Es ist die ganze Erde mit allen Facetten, mit all dem, was sich davon in seinem Unterbewusstsein festgesetzt hat.
So die Frage: Gibt es ein Ende der Welt. Die Antwort ist nein. Die Erde ist rund, und wer weiss denn schon wo der Anfang oder das Ende ist. Egal wie man geht , man kommt immer irgendwo heraus.
Die eigene Gedankenwelt zimmert sich aus allem was sie hat etwas zusammen, was einfach nicht passt.
Es sind Träume, Nacht-und Tagträume.
Einfach so.
Im Supermarkt seines mental Gespeicherten.
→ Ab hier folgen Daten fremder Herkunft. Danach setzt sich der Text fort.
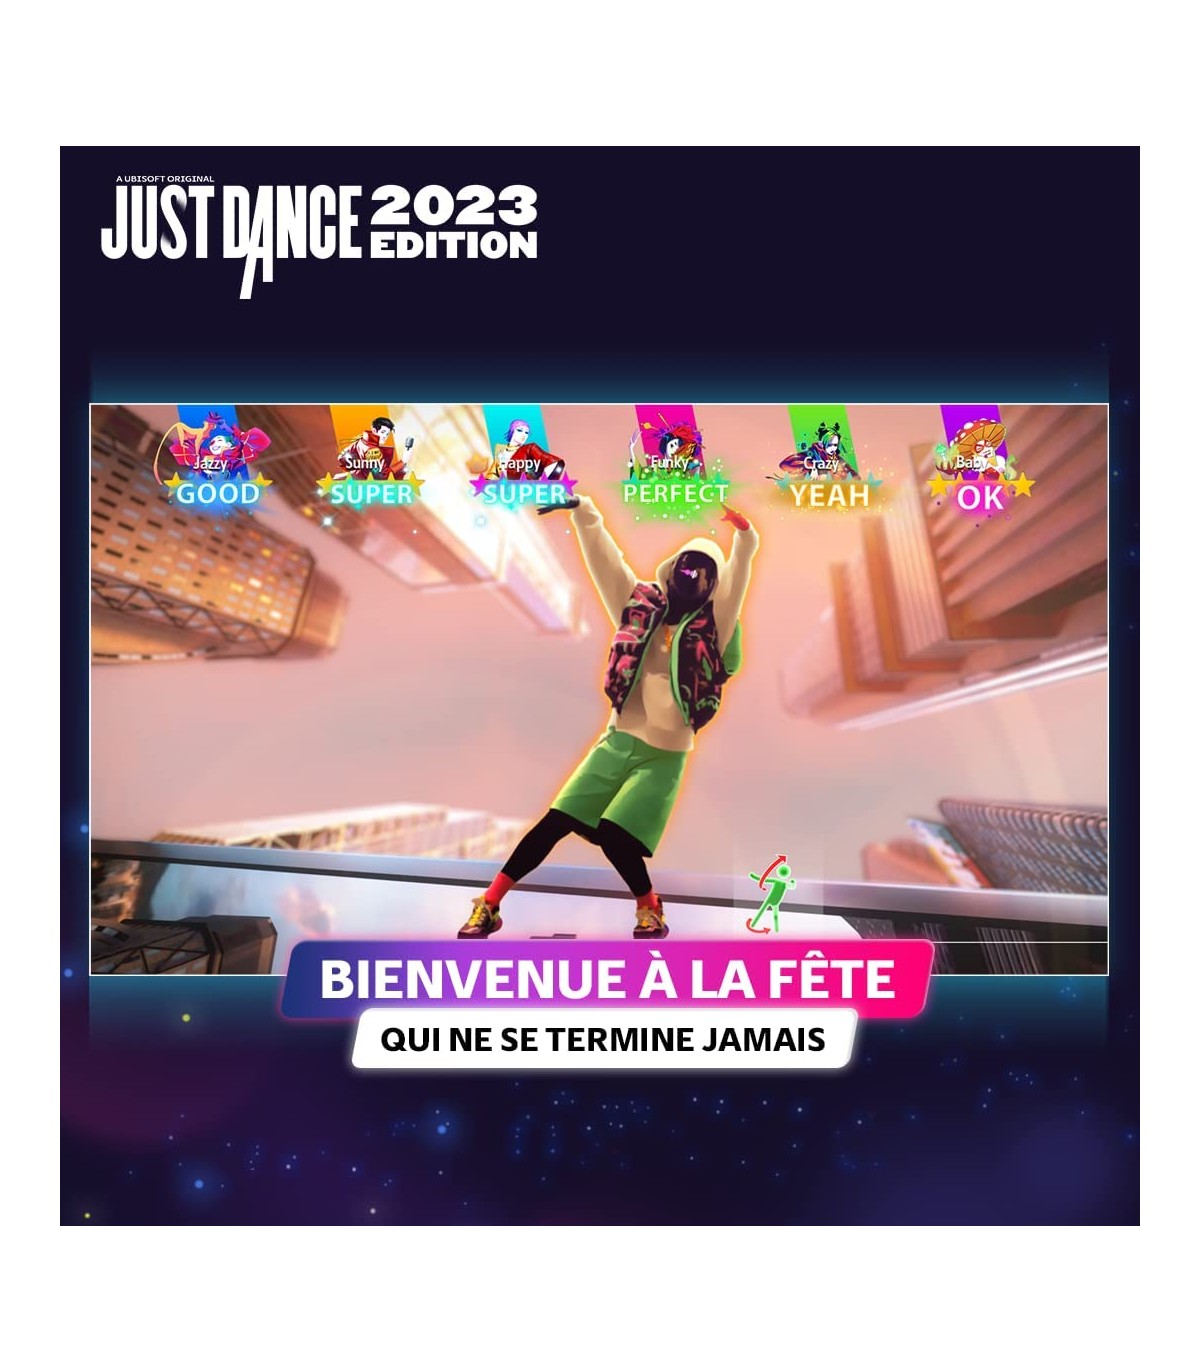 بازی Just Dance 2023 Edition برای پلی استیشن 5

Manchmal ist es ein Stop an den Haltestellen seines Lebens, warten daß man abgeholt wird, oder umsteigen, einsteigen kann, in eine neue Reise .
Gedankensplitter können eine Orientierungshilfe sein. Das Billet in neue Ideen.
Der kreative Funke.
Man muss das Überleben beenden um zu leben und Gedankensplitter können dazu beitragen und einem helfen das Gestrüpp des auf einem täglich Einströmenden zu durchdringen.
Vielleicht bedeutet dies nur einmal das Mobiltelefon wegzulegen, sich hinzulegen oder hinzusetzen, zu meditieren, Stille geniessen, sich selbst sein,
um dann seinen Gedanken wieder freien Lauf zu lassen.